Index: llvm/trunk/docs/CommandGuide/llvm-mca.rst
===================================================================
--- llvm/trunk/docs/CommandGuide/llvm-mca.rst
+++ llvm/trunk/docs/CommandGuide/llvm-mca.rst
@@ -21,9 +21,9 @@
 when run on the target, but also help with diagnosing potential performance
 issues.
 
-Given an assembly code sequence, llvm-mca estimates the IPC (Instructions Per
-Cycle), as well as hardware resource pressure. The analysis and reporting style
-were inspired by the IACA tool from Intel.
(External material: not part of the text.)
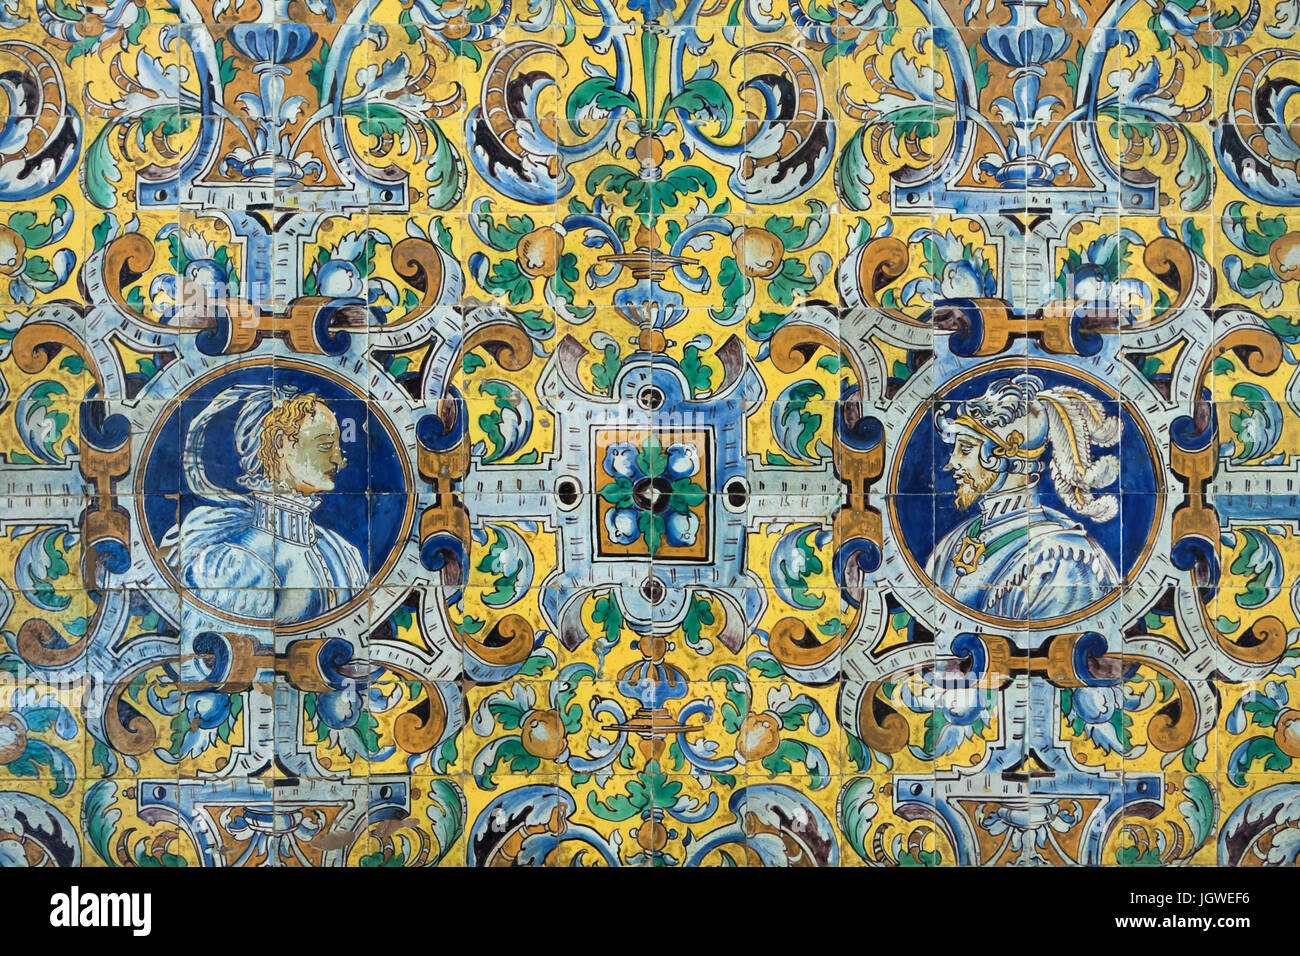 Saint empereur romain Charles V et son épouse Isabelle de Portugal décrite dans le carrelage peint polychrome Renaissance par Cristóbal de Augusta (1577) dans la Sala de las Fiestas (Celebration) dans le Palacio de Carlos V (Palais de Charles V) dans l'Alcázar de Séville à Séville, Andalousie, espagne. Banque D'Images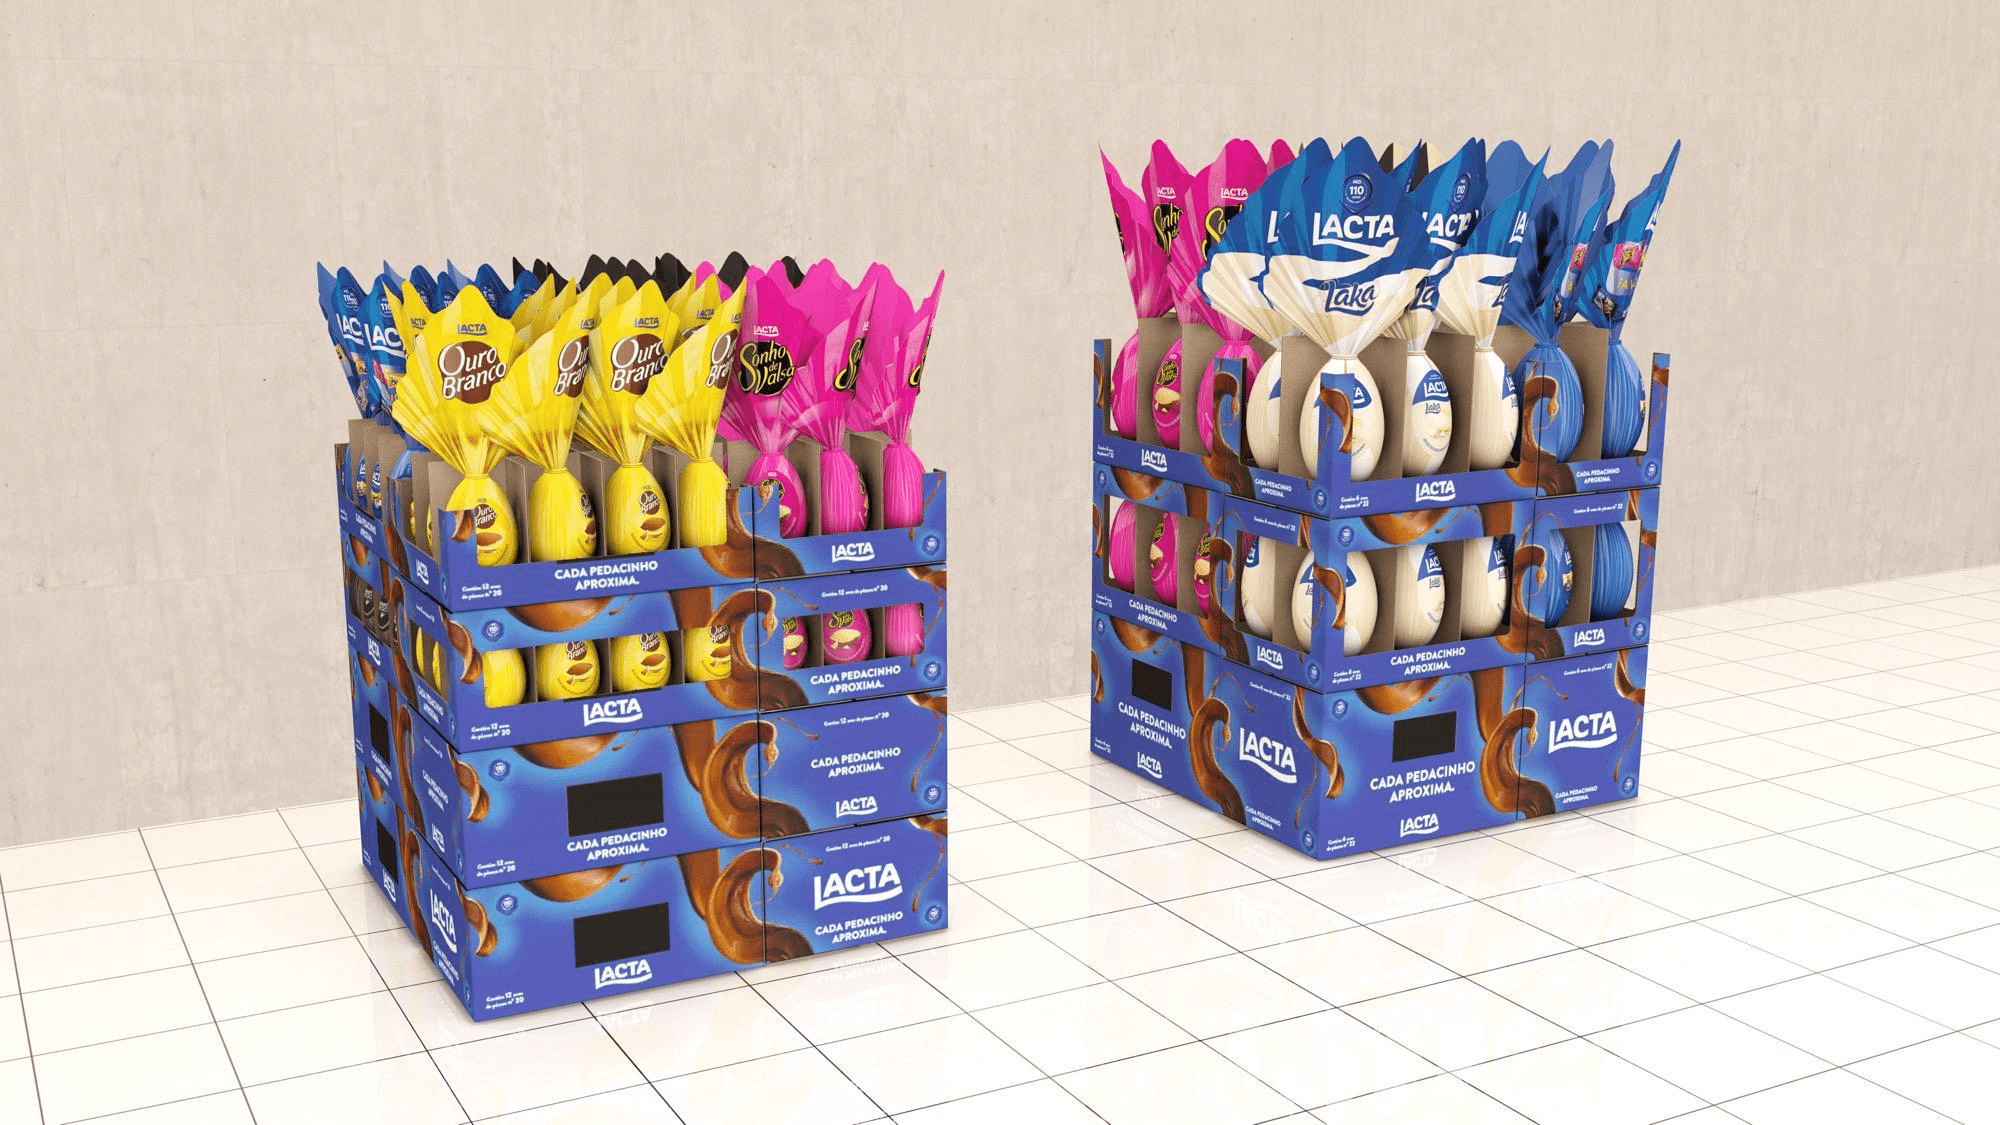 Featured image for “Caixa se transforma em expositor de ovos de Páscoa e otimiza espaço dos supermercados”

+Given an assembly code sequence, llvm-mca estimates the IPC, as well as
+hardware resource pressure. The analysis and reporting style were inspired by
+the IACA tool from Intel.
 
 :program:`llvm-mca` allows the usage of special code comments to mark regions of
 the assembly code to be analyzed.  A comment starting with substring
@@ -207,3 +207,223 @@
 :program:`llvm-mca` returns 0 on success. Otherwise, an error message is printed
 to standard error, and the tool returns 1.
 
+HOW MCA WORKS
+-------------
+
+MCA takes assembly code as input. The assembly code is parsed into a sequence
+of MCInst with the help of the existing LLVM target assembly parsers. The
+parsed sequence of MCInst is then analyzed by a ``Pipeline`` module to generate
+a performance report.
+
+The Pipeline module simulates the execution of the machine code sequence in a
+loop of iterations (default is 100). During this process, the pipeline collects
+a number of execution related statistics. At the end of this process, the
+pipeline generates and prints a report from the collected statistics.
+
+Here is an example of a performance report generated by MCA for a dot-product
+of two packed float vectors of four elements. The analysis is conducted for
+target x86, cpu btver2.  The following result can be produced via the following
+command using the example located at
+``test/tools/llvm-mca/X86/BtVer2/dot-product.s``:
+
+.. code-block:: bash
+
+  $ llvm-mca -mtriple=x86_64-unknown-unknown -mcpu=btver2 -iterations=300 dot-product.s
+
+.. code-block:: none
+
+  Iterations:        300
+  Instructions:      900
+  Total Cycles:      610
+  Dispatch Width:    2
+  IPC:               1.48
+  Block RThroughput: 2.0
+
+
+  Instruction Info:
+  [1]: #uOps
+  [2]: Latency
+  [3]: RThroughput
+  [4]: MayLoad
+  [5]: MayStore
+  [6]: HasSideEffects (U)
+
+  [1]    [2]    [3]    [4]    [5]    [6]    Instructions:
+   1      2     1.00                        vmulps	%xmm0, %xmm1, %xmm2
+   1      3     1.00                        vhaddps	%xmm2, %xmm2, %xmm3
+   1      3     1.00                        vhaddps	%xmm3, %xmm3, %xmm4
+
+
+  Resources:
+  [0]   - JALU0
+  [1]   - JALU1
+  [2]   - JDiv
+  [3]   - JFPA
+  [4]   - JFPM
+  [5]   - JFPU0
+  [6]   - JFPU1
+  [7]   - JLAGU
+  [8]   - JMul
+  [9]   - JSAGU
+  [10]  - JSTC
+  [11]  - JVALU0
+  [12]  - JVALU1
+  [13]  - JVIMUL
+
+
+  Resource pressure per iteration:
+  [0]    [1]    [2]    [3]    [4]    [5]    [6]    [7]    [8]    [9]    [10]   [11]   [12]   [13]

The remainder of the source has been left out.